Hey there! Remember me? You know, the guy who makes up the seemingly never-ending stream of words that go here? You’ll all be glad to hear that I’m back and ready and rarin’ to go.
Well, okay, hopefully some of you will be glad to hear that, at least. Right? Or a couple of you, maybe.
Somebody? Anybody? Bueller?
Regardless, I am back, full of vim and vigor or piss and vinegar or, I don’t know, insert your own strange yet enthusiastic couplet here! The bottom line is that I’m ready to get back to the work of making words on a regular basis.
You see, my friends, I have ventured into the inky, soulless void and returned to speak of it.
First, let me back up. If you were perhaps wondering why I wasn’t persona-non-corpus* around here last week, and didn’t arrive at three after putting one and one together, it’s because the Puddinette and I loaded up the Family Truckster, strapped in the puddinlings, and set course of the Mecca of all family road trip destinations, Walt Disney World.
How was it? Pretty much exactly as I expected it to be, in terms of both agony and ecstasy.
Hold up, “agony and ecstasy” just doesn’t do it justice. What I mean is, there were moments I thought I was perhaps being funneled through a hellish, molten cauldron of sweating, immobile people-flesh towards an infinity of skin-flaying torture (it turned out I was only waiting in line for Space Mountain). And yet, conversely, we also rejoiced in times of soul-warming delight, when all of us – me, the Puddinette, and all four of the kids – were ensnared by the magic of the place, captivated with breathless wonder.
(Also, yes, I realize that paragraph is ridiculously overwritten. That’s kind of the idea. Disney World seems designed specifically to engender hyperbole.)

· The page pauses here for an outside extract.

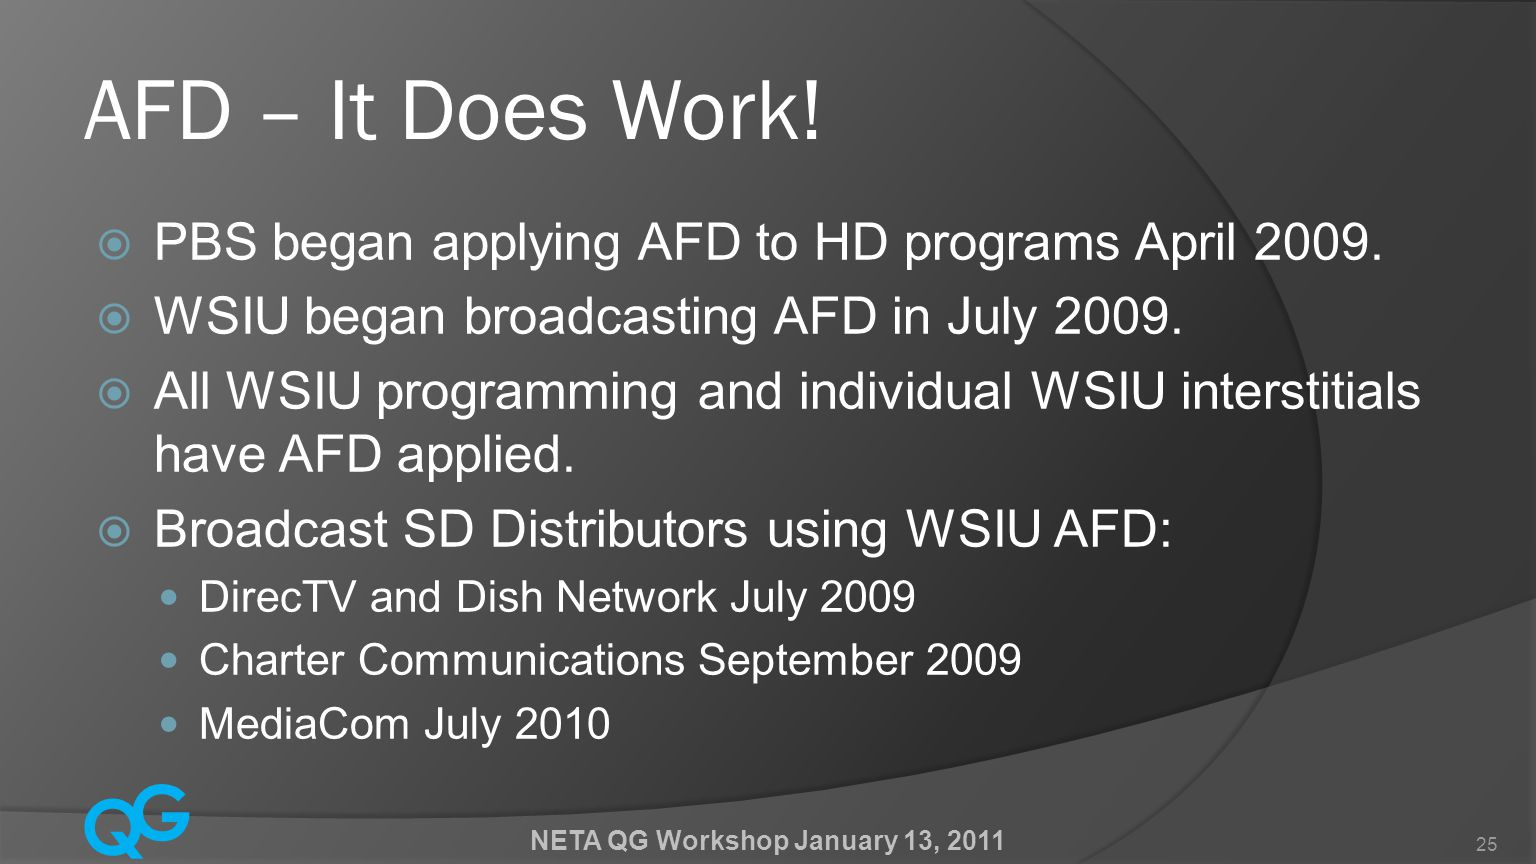 Q G NETA QG Workshop January 13, 2011 25 AFD – It Does Work!  PBS began applying AFD to HD programs April 2009.  WSIU began broadcasting AFD in July

Even more inexplicably, Disney World somehow managed to visit both of those entirely contradictory experiences upon on us on the very same day, each and every day of our visit. The place is, for lack of a better word, Full. Full of people and fun and cost and wonder and things to do and lines in which you do nothing, and, and, and…well, sometimes all that ‘Full’-ness is overwhelming. To say the least.
There’s far too much about our vacation for me to fit everything into one post. Plus, after a week of little-or-no real posting, it’s probably best not to drop 1000 words on you in a fit of convulsive exposition. Your eyes will go all foggy, and you’ll end up slumped over and drooling on yourselves. Which, not coincidentally, was pretty much how I felt after 13 hours in the Magic Kingdom. But that’s neither here nor there.
The important thing today is that we are home, we all survived the 1900+ mile round-trip drive, and while there were certainly sacrifices made, none of them required a pint of chicken blood. Slowly, ever so slowly, we are re-acclimating to the less-exhausting yet also less-sharp-and-colorful world of the everyday.
With the Big Vacation behind us, we now just have to survive until, well, school starts back up in August.
*whimpers*
Oh! And now that you know why I took last week off, did you spot the commonality among last week’s (re)posts? I figured since my family was making a Real World ™ stab at duplicating National Lampoon’s Vacation (well, minus that unfortunate Aunt Edna business), I’d repost entries where I’d made some reference to the timeless, classic film.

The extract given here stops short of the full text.